Bitcoin isn’t a flawless international payment system. Numerous countries have banned Bitcoin and other forms of cryptocurrency, and exchanging Bitcoins to local currency can take time, at which point volatility can cause an extreme change in value, which can affect the sender and the recipient.
There’s a lot of potential in Bitcoin, but that doesn’t mean you should rush out and invest in the digital currency, though: Wait for some cryptocurrency market stabilization or a practical use to emerge before committing company money that could disappear overnight. It’s also worth seeking advice from a professional financial consultant before investing large amounts of money in bitcoin, or anywhere else for that matter.

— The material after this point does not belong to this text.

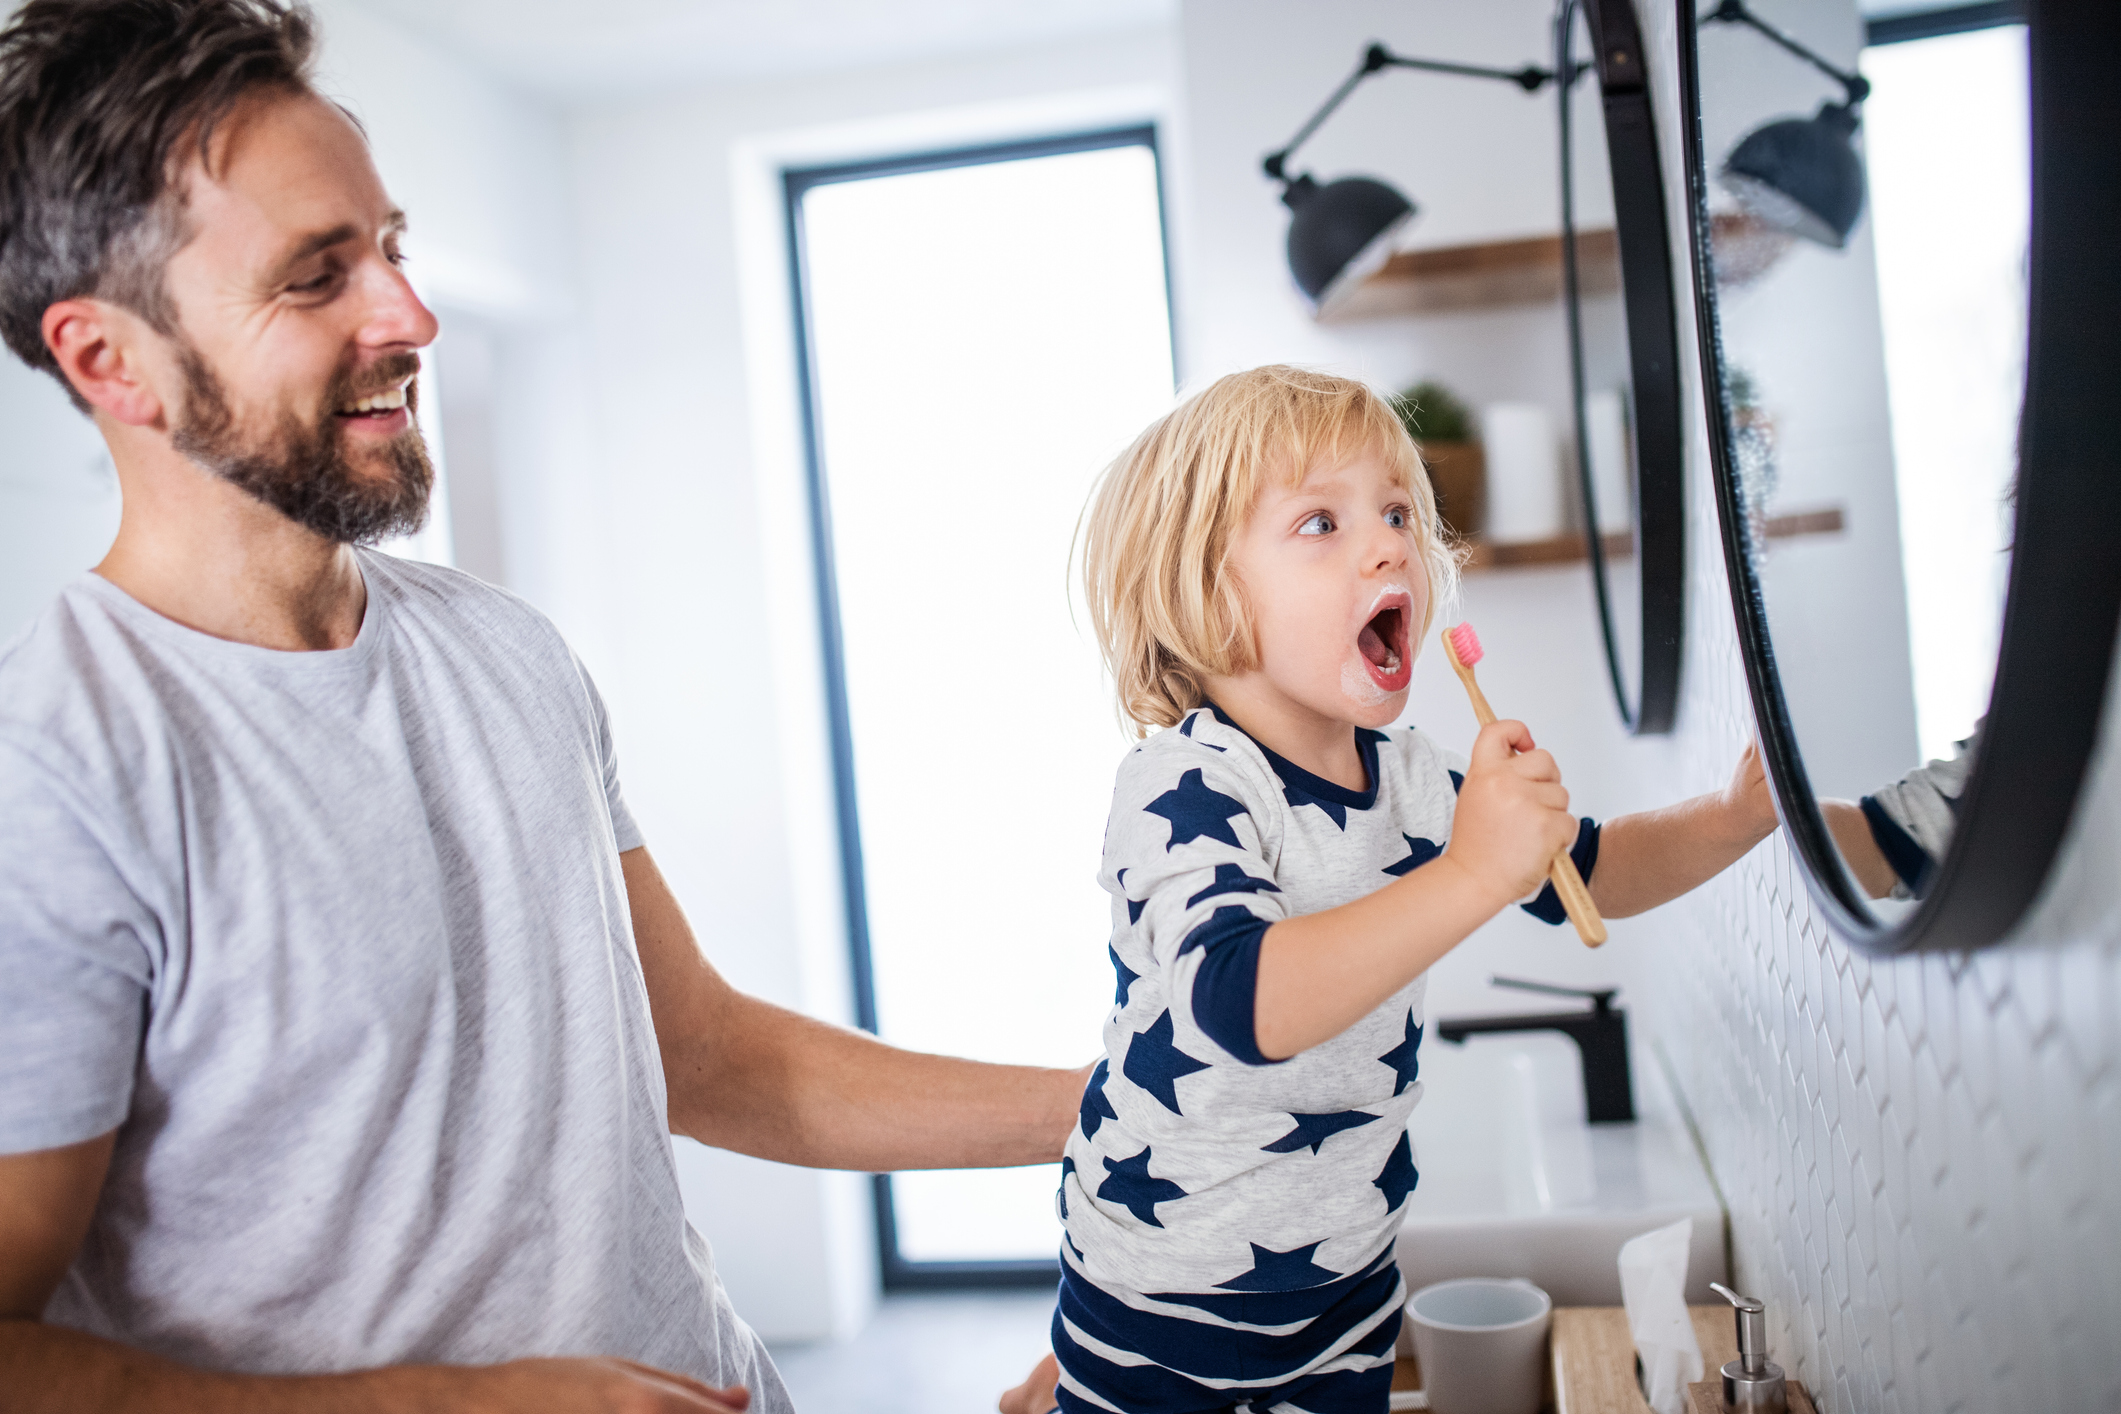 Lapsen hampaiden pesu voi myös helpottua peilin edessä. Kuvassa lapsi katselee itseään ihmetellen peilistä, kun harjaa hampaitaan.

How do I get started with Bitcoin?
Bitcoin is confusing, and getting started can be daunting if you don’t know who to trust or where to begin. What do you need? How do you buy bitcoins? Where is it safe to store them?
There are several different options for a Bitcoin setup, and the biggest decision to make is what kind of digital wallet to use to store your coins. Some wallets are hosted online, others are mobile apps, and you can even set up a wallet to be completely local on your machine.
One of the easiest platforms for beginners is Coinbase, where you can buy, sell, and store bitcoin. Coinbase eliminates a lot of the manual setup and hassle from the Bitcoin process.
Once you’re ready to move on to a more advanced mode of operating, or if you plan to hold on to your bitcoin for a long time without doing any cryptocurrency trading, it’s a good idea to put it into a separate wallet app. There are a variety to choose from, and using one means the bitcoins you have are yours alone—if you leave them online with Coinbase or another hosted wallet, your bitcoin is never in your hands directly. Long-term investors and serious bitcoin users should plan to go this route eventually.